- **BRIEF**
Please copy exactly the part of the records below that opens with the line containing "4 bedrooms House" and closes with the line containing "2023 New Men's", leaving out any pictures.

- **SUPPLIED MATERIAL**
BEGIN
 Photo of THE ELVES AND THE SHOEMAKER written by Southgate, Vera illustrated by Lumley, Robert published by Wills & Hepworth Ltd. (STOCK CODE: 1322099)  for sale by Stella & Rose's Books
END
BEGIN
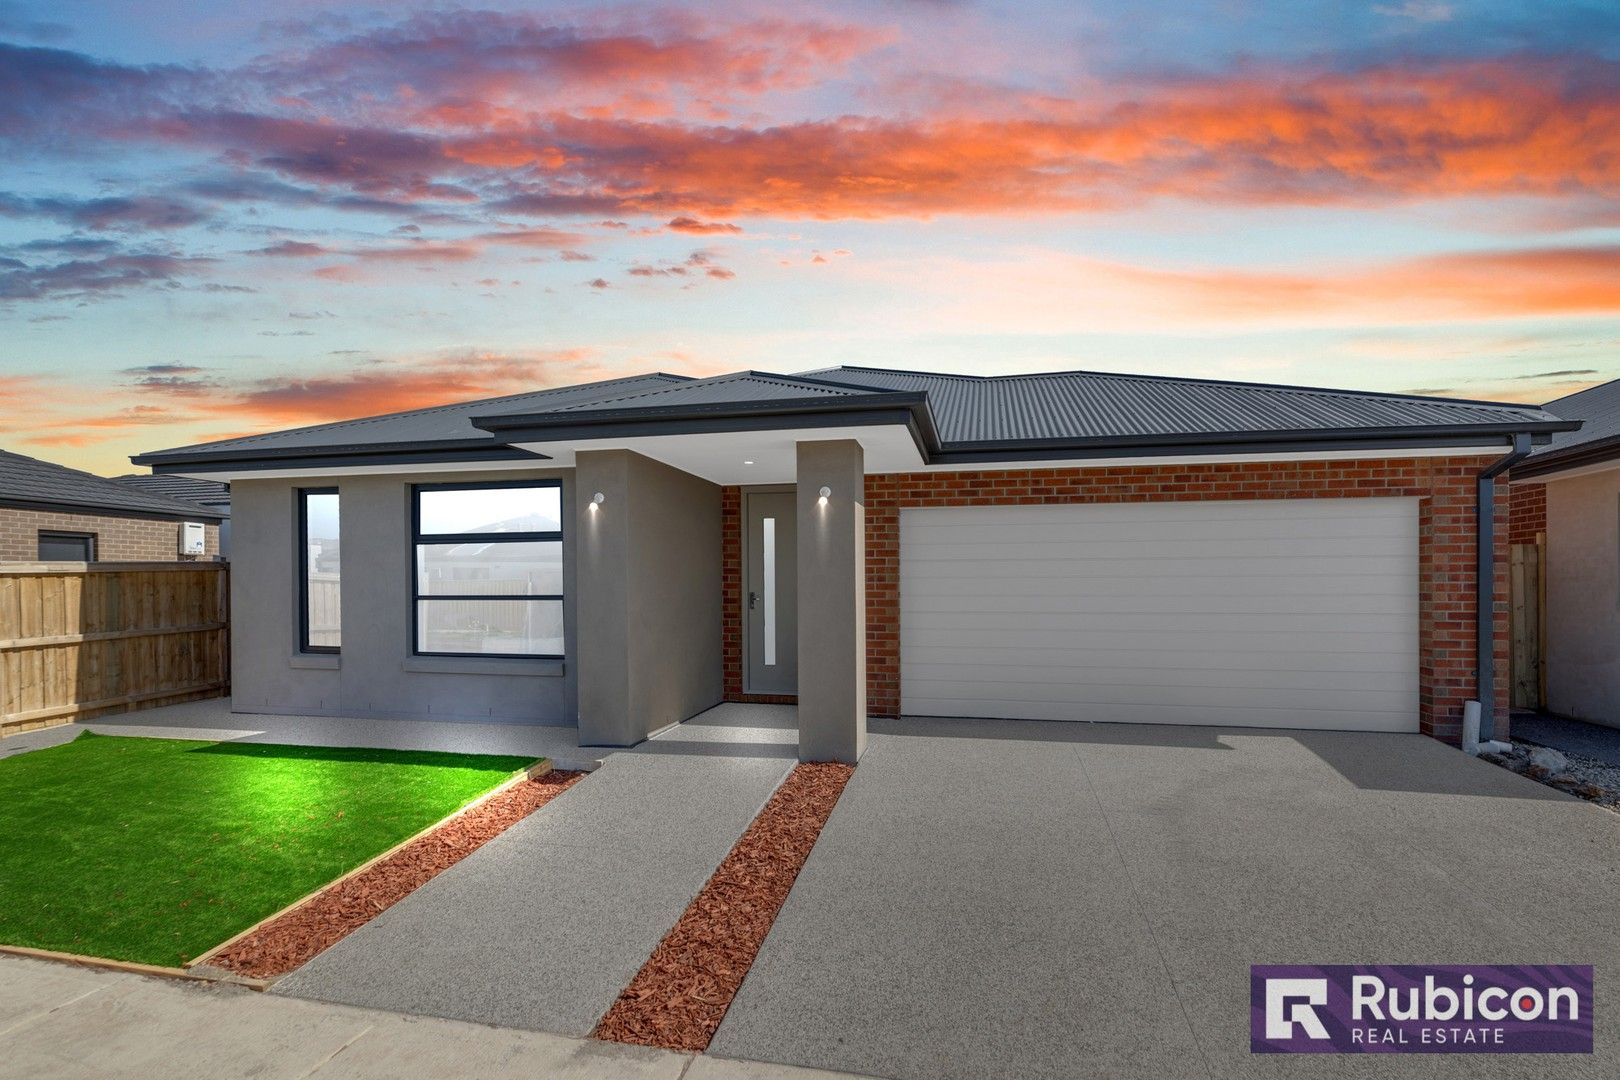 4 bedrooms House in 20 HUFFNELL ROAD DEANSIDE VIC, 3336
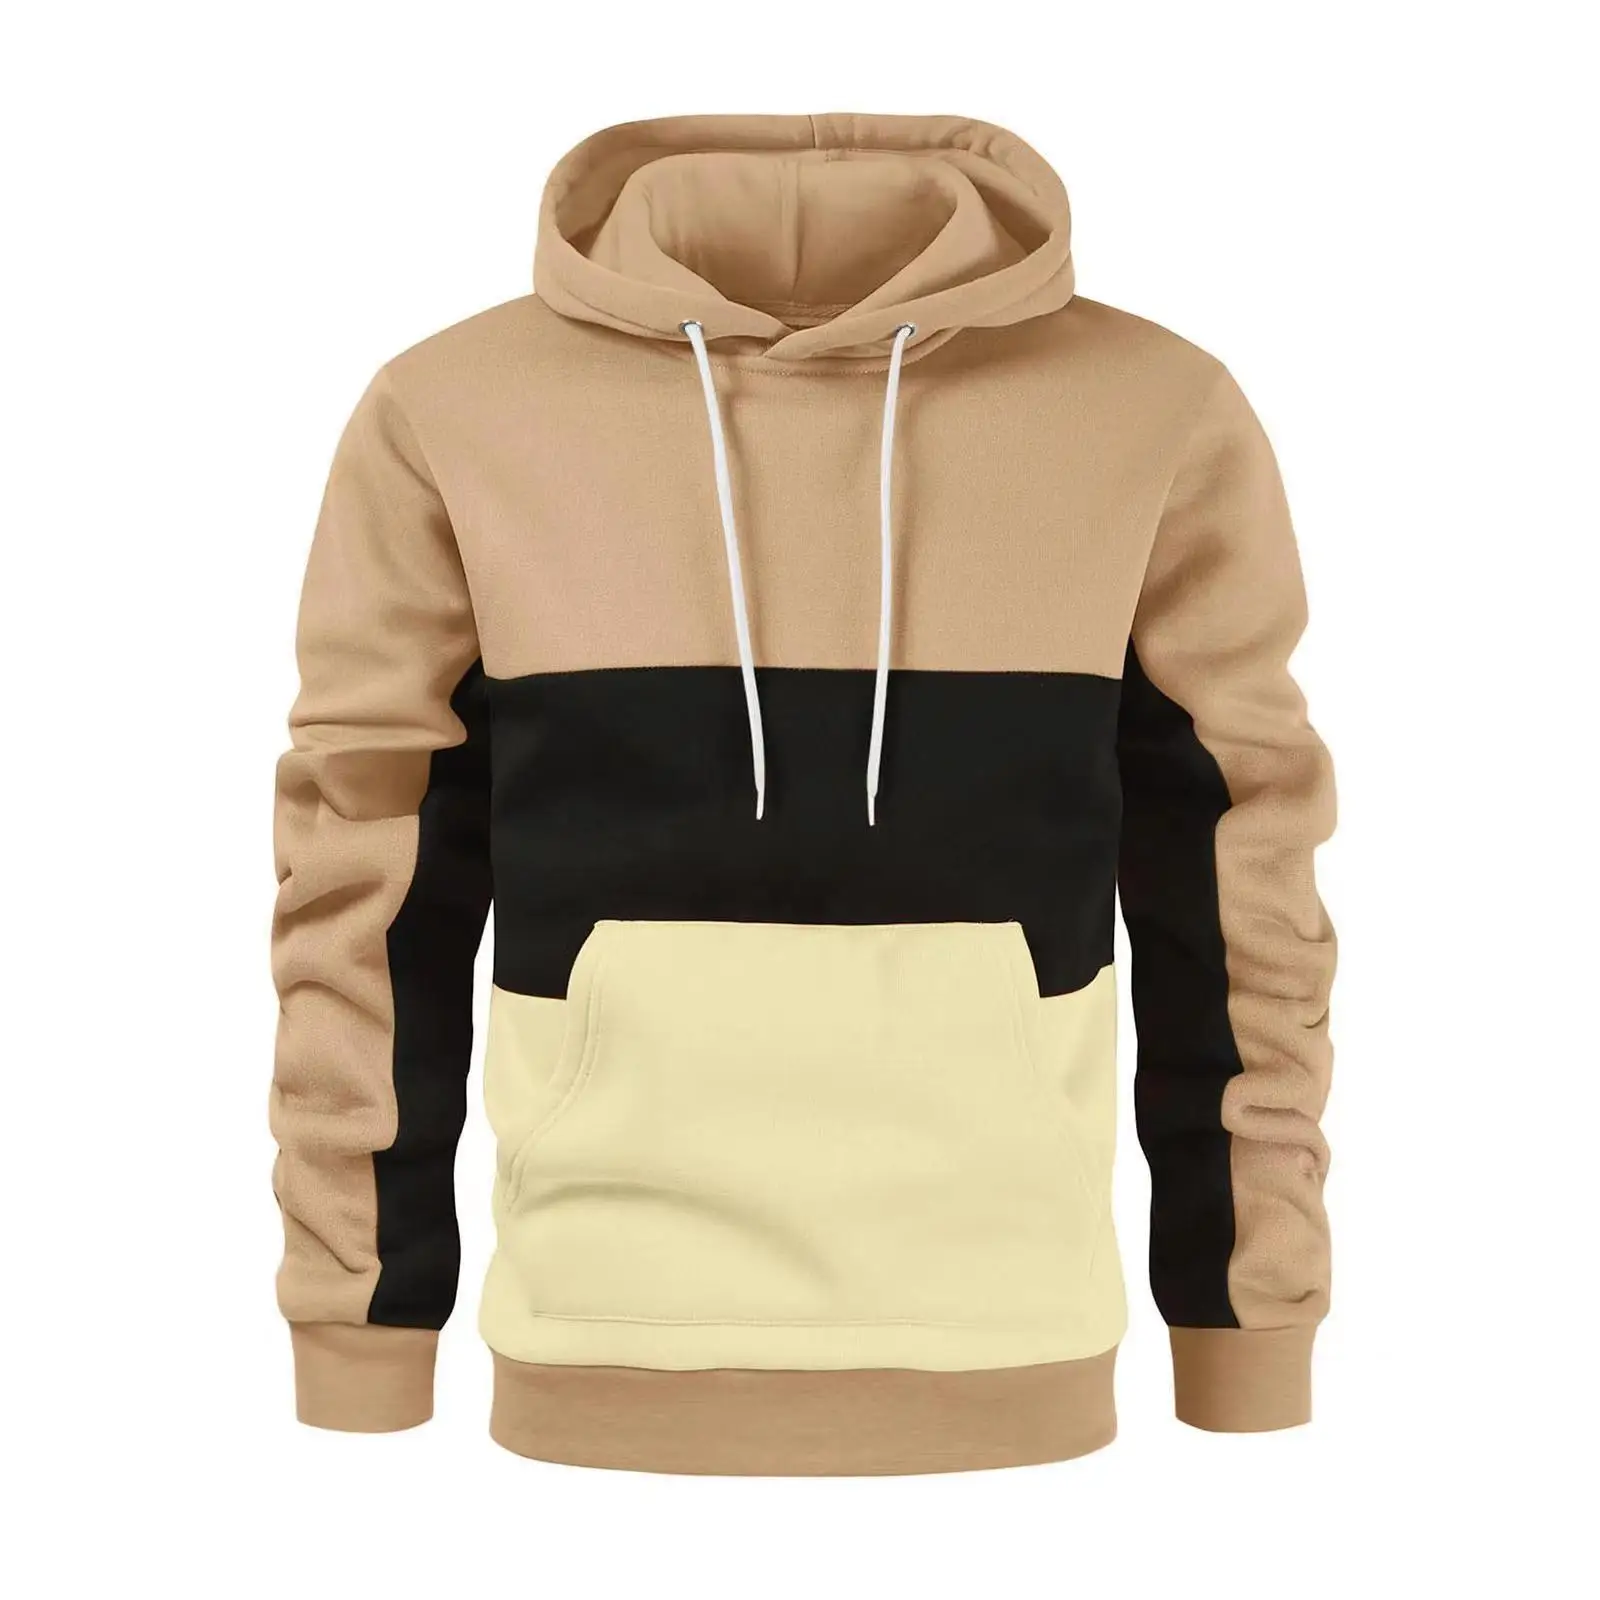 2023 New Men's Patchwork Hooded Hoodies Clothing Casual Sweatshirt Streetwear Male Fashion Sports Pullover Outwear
END
- **SOLUTION BELOW**
 4 bedrooms House in 20 HUFFNELL ROAD DEANSIDE VIC, 3336
 2023 New Men's Patchwork Hooded Hoodies Clothing Casual Sweatshirt Streetwear Male Fashion Sports Pullover Outwear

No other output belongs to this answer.